# Problem to work on:
Would you please restate the data exactly as it stands, apart from the pictures?

# Provided material:
=== Section Start ===

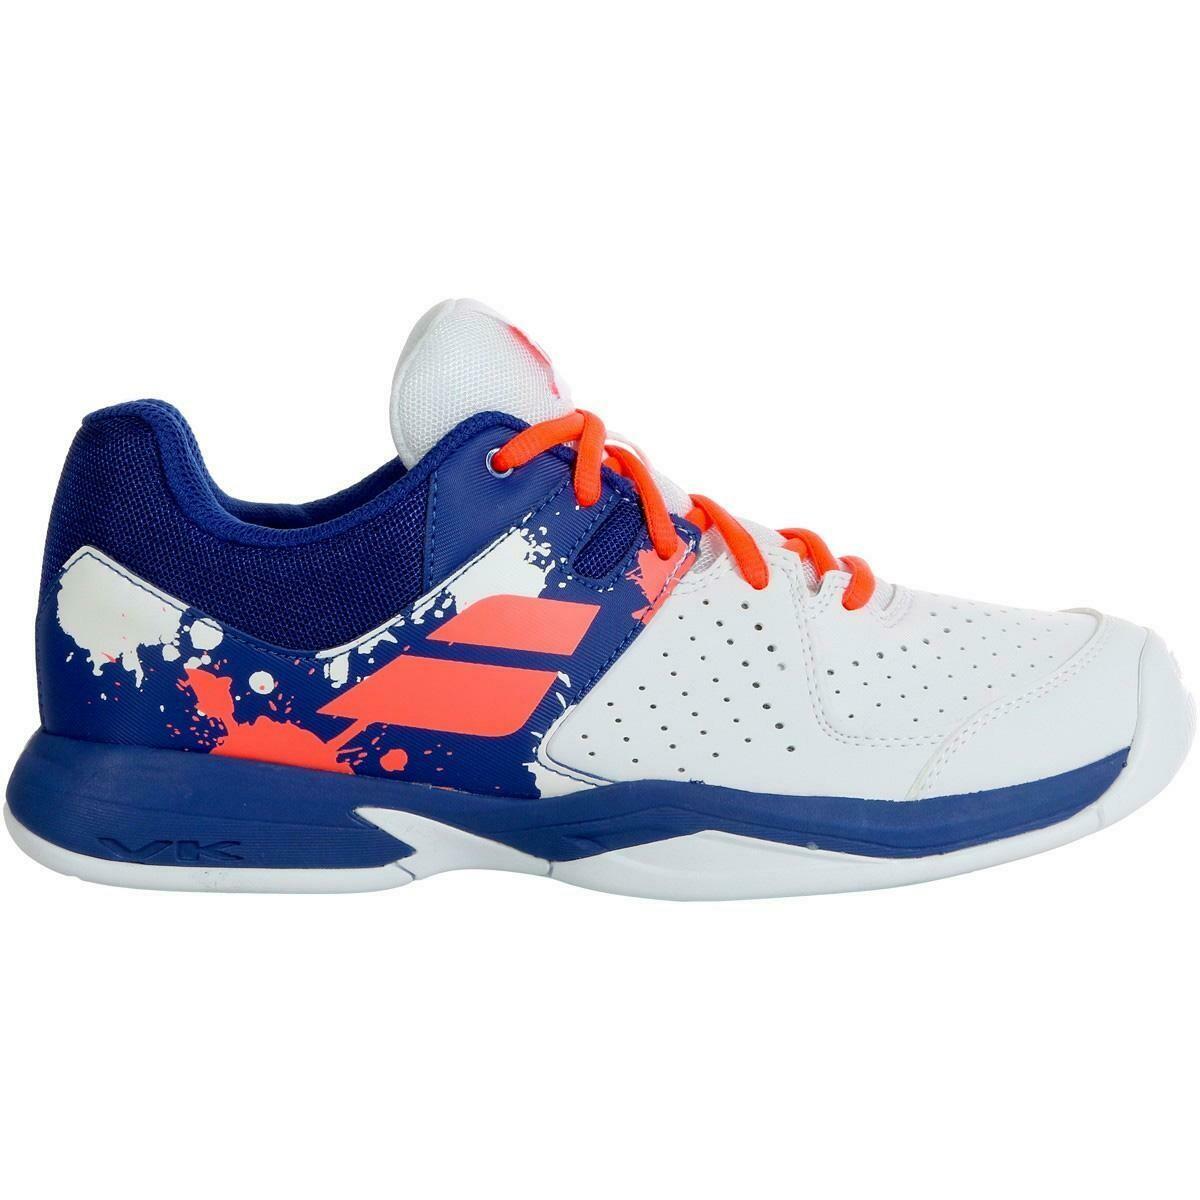 Babolat Pulsion Junior Tennis Shoes - White
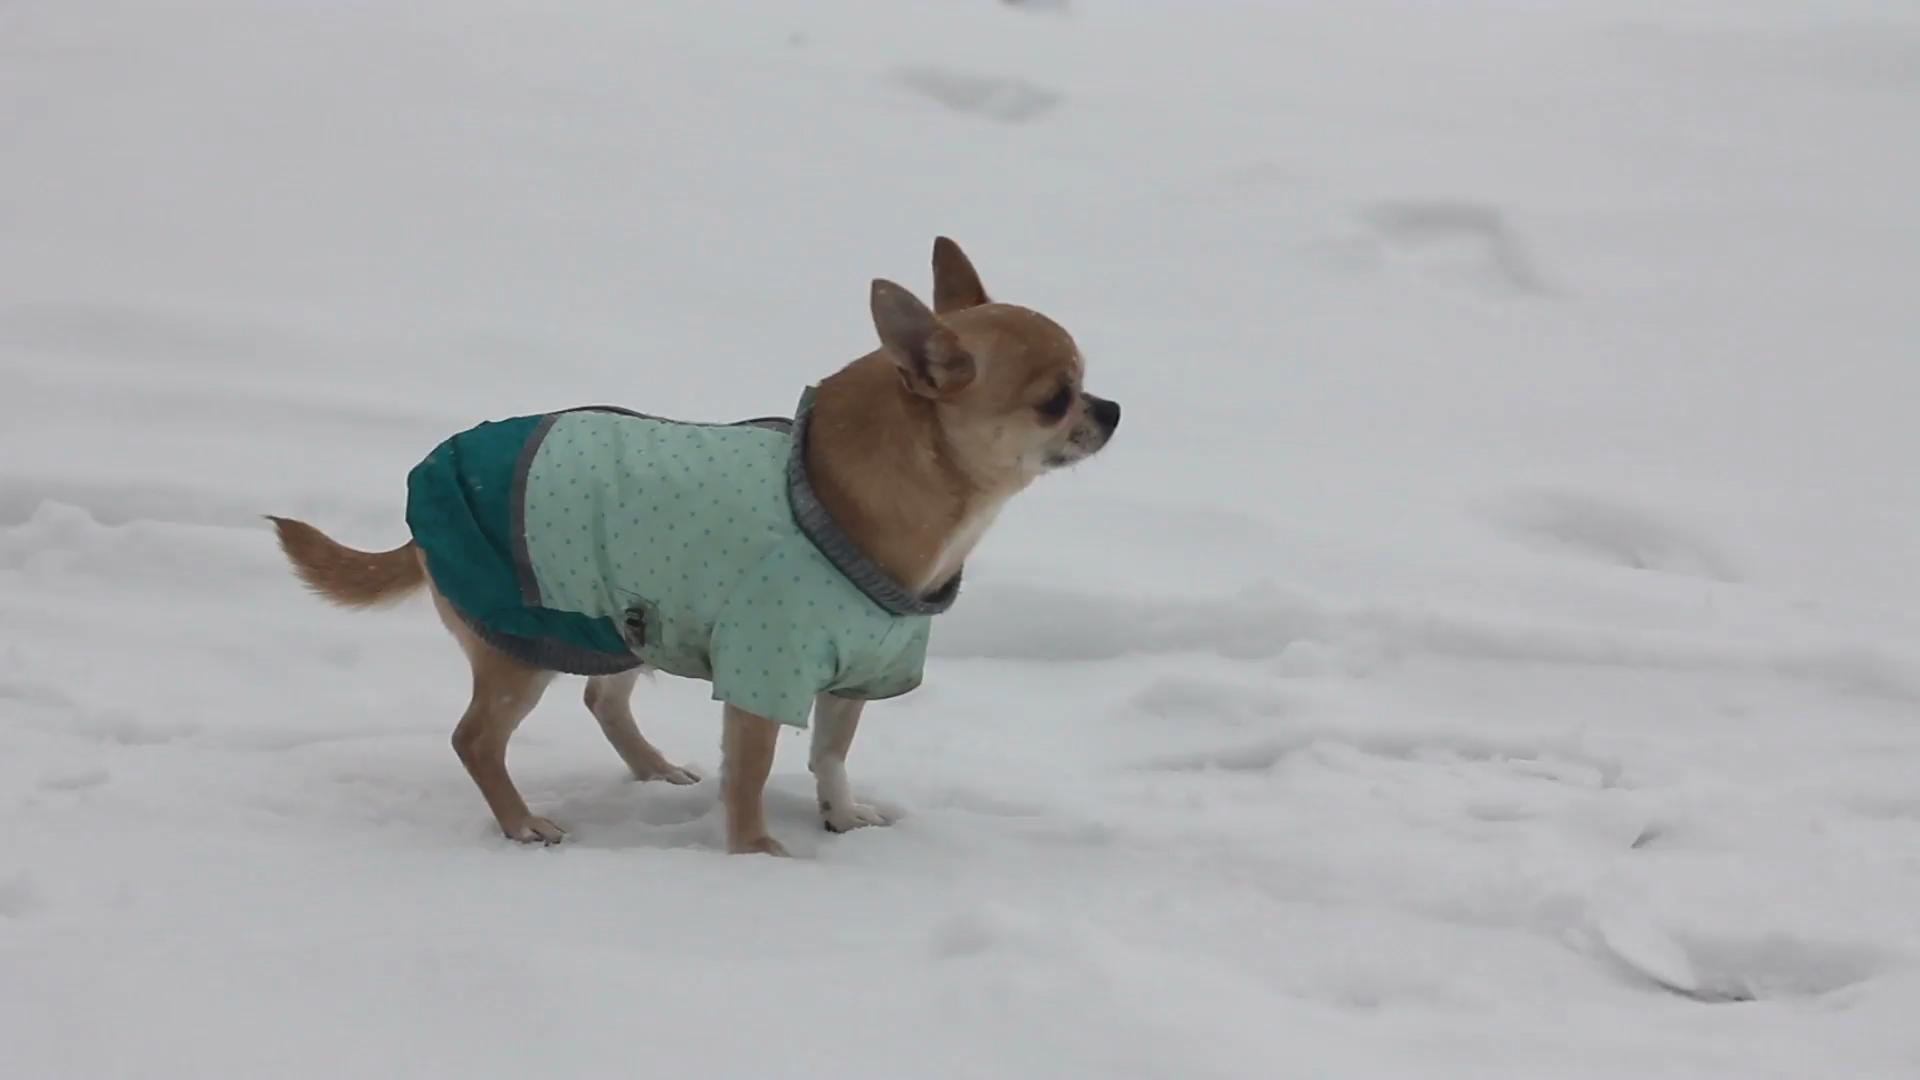 Braucht chihuahua mantel
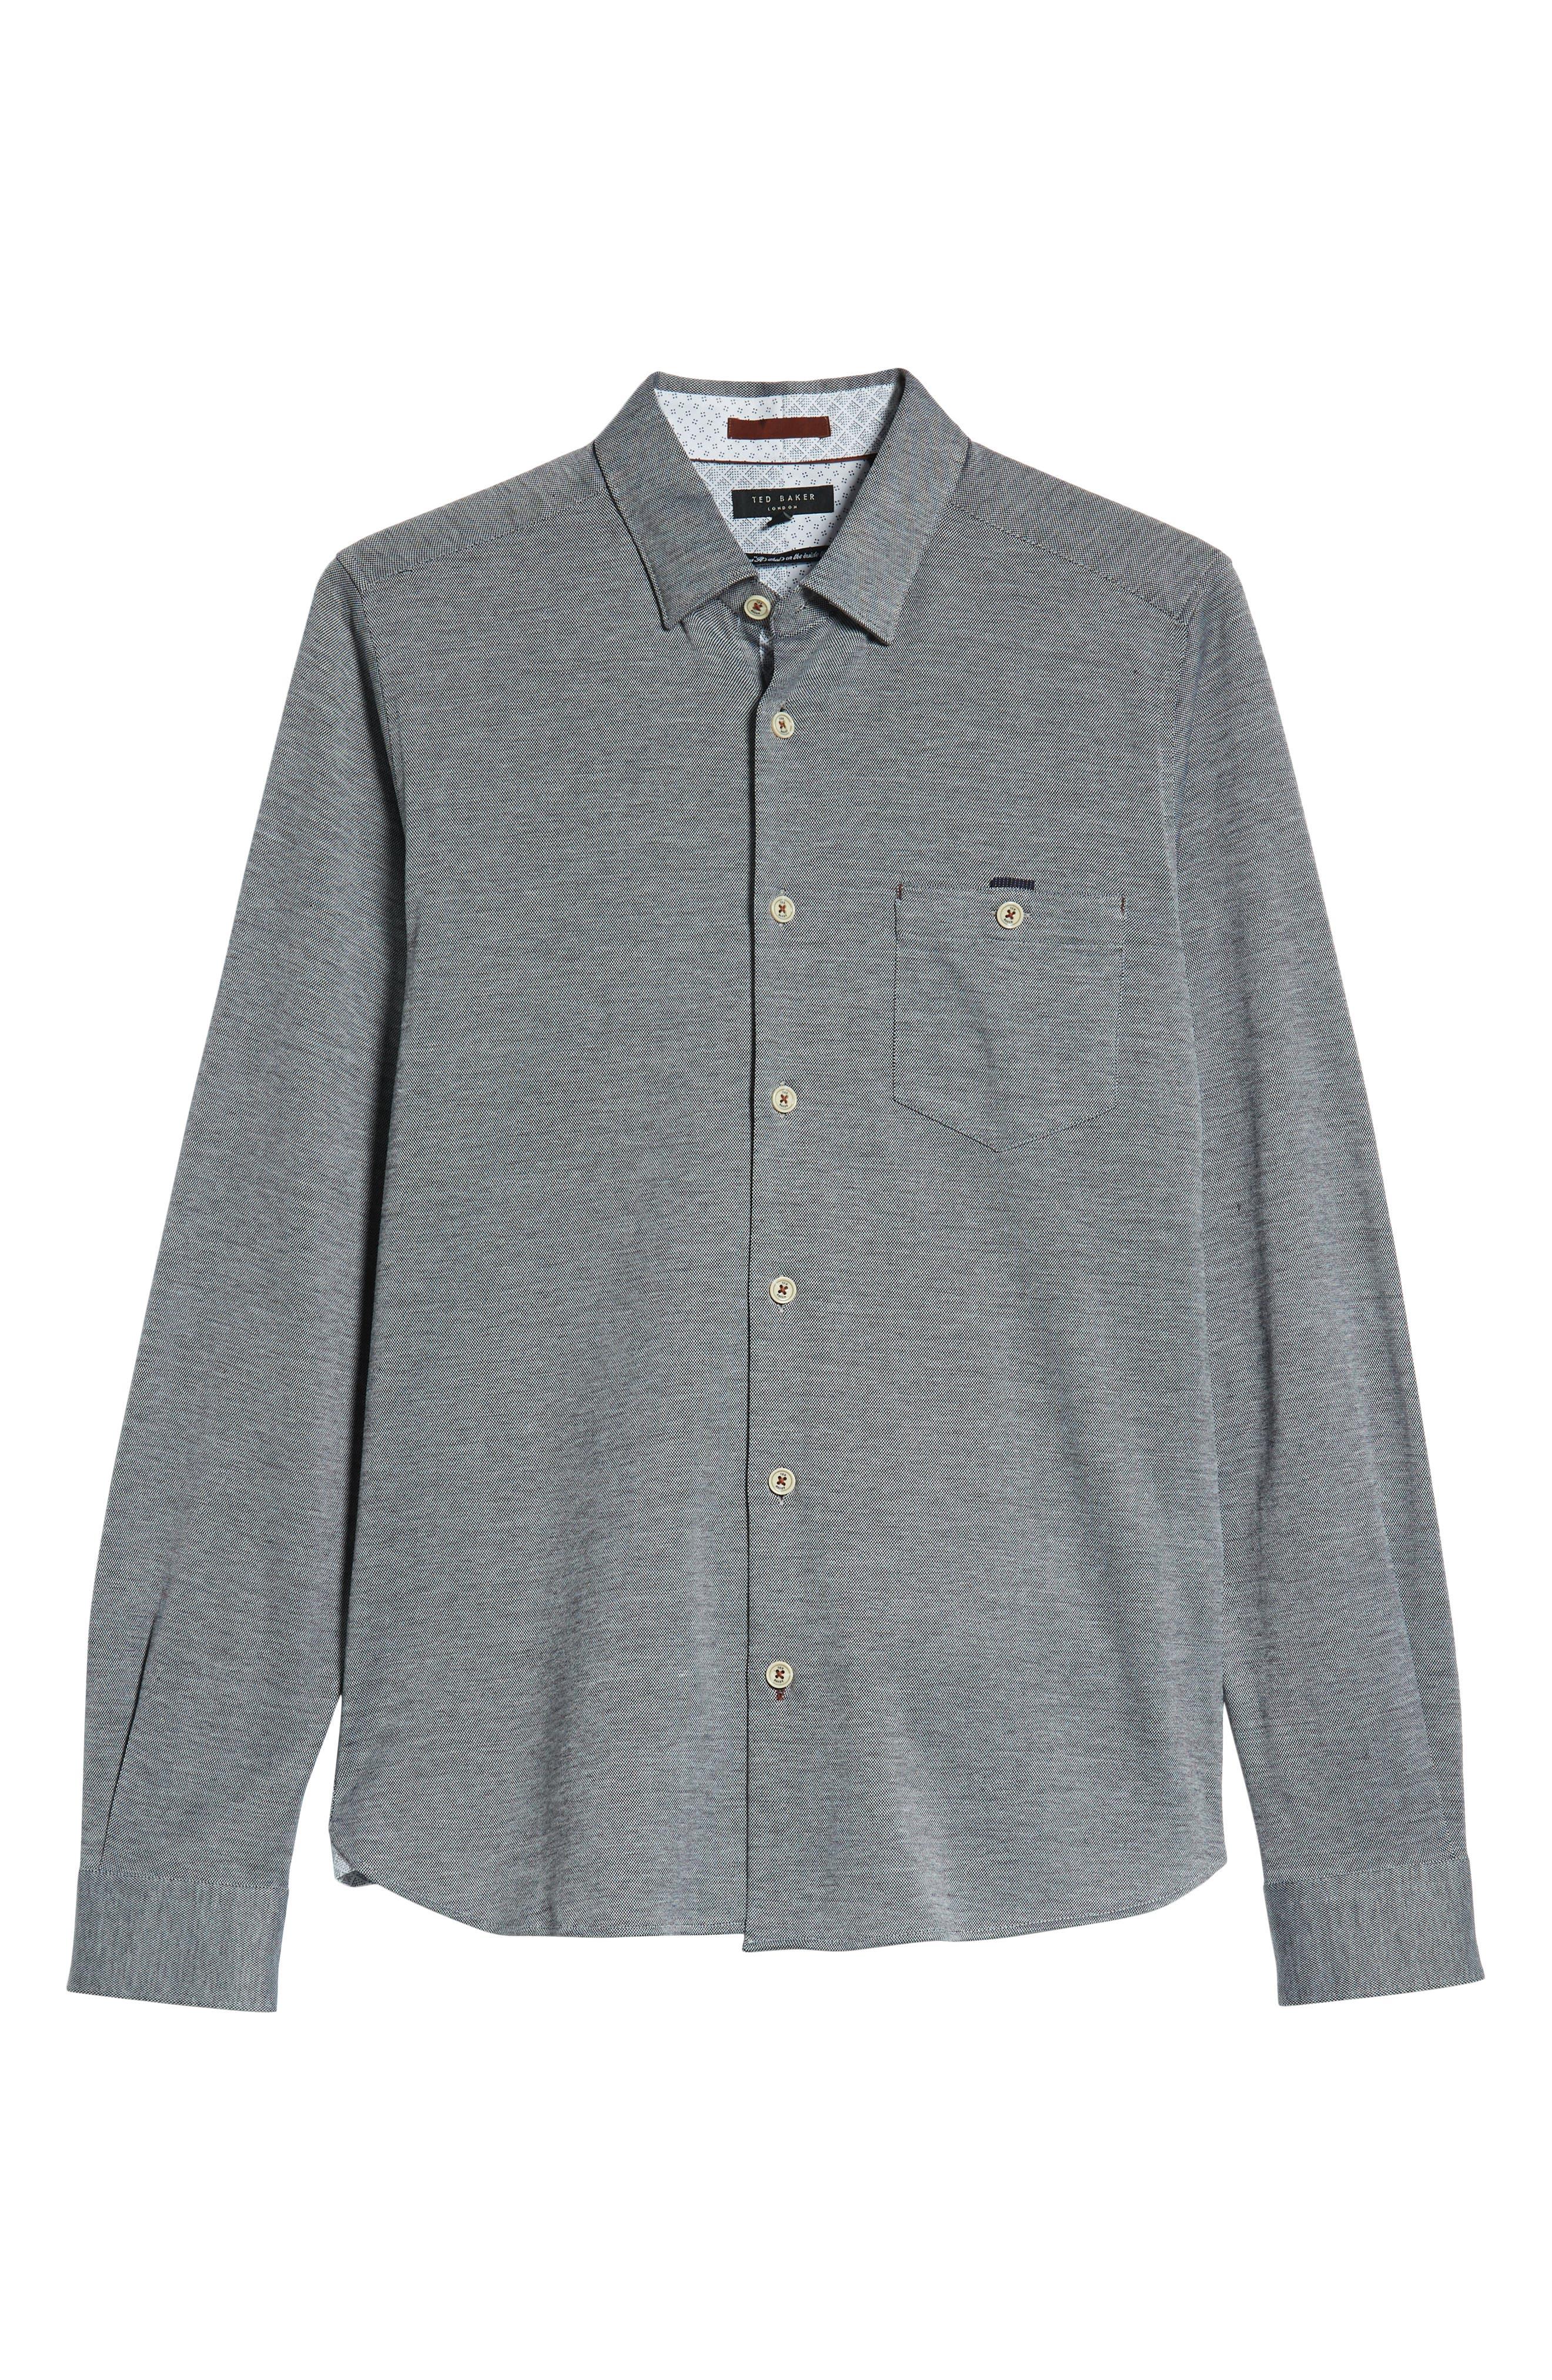 Timothy Slim Fit Cotton Jersey Shirt,                             Alternate thumbnail 6, color,                             BLACK

=== Section End ===

# The completed task:
 Babolat Pulsion Junior Tennis Shoes - White
 Braucht chihuahua mantel
 Timothy Slim Fit Cotton Jersey Shirt,                             Alternate thumbnail 6, color,                             BLACK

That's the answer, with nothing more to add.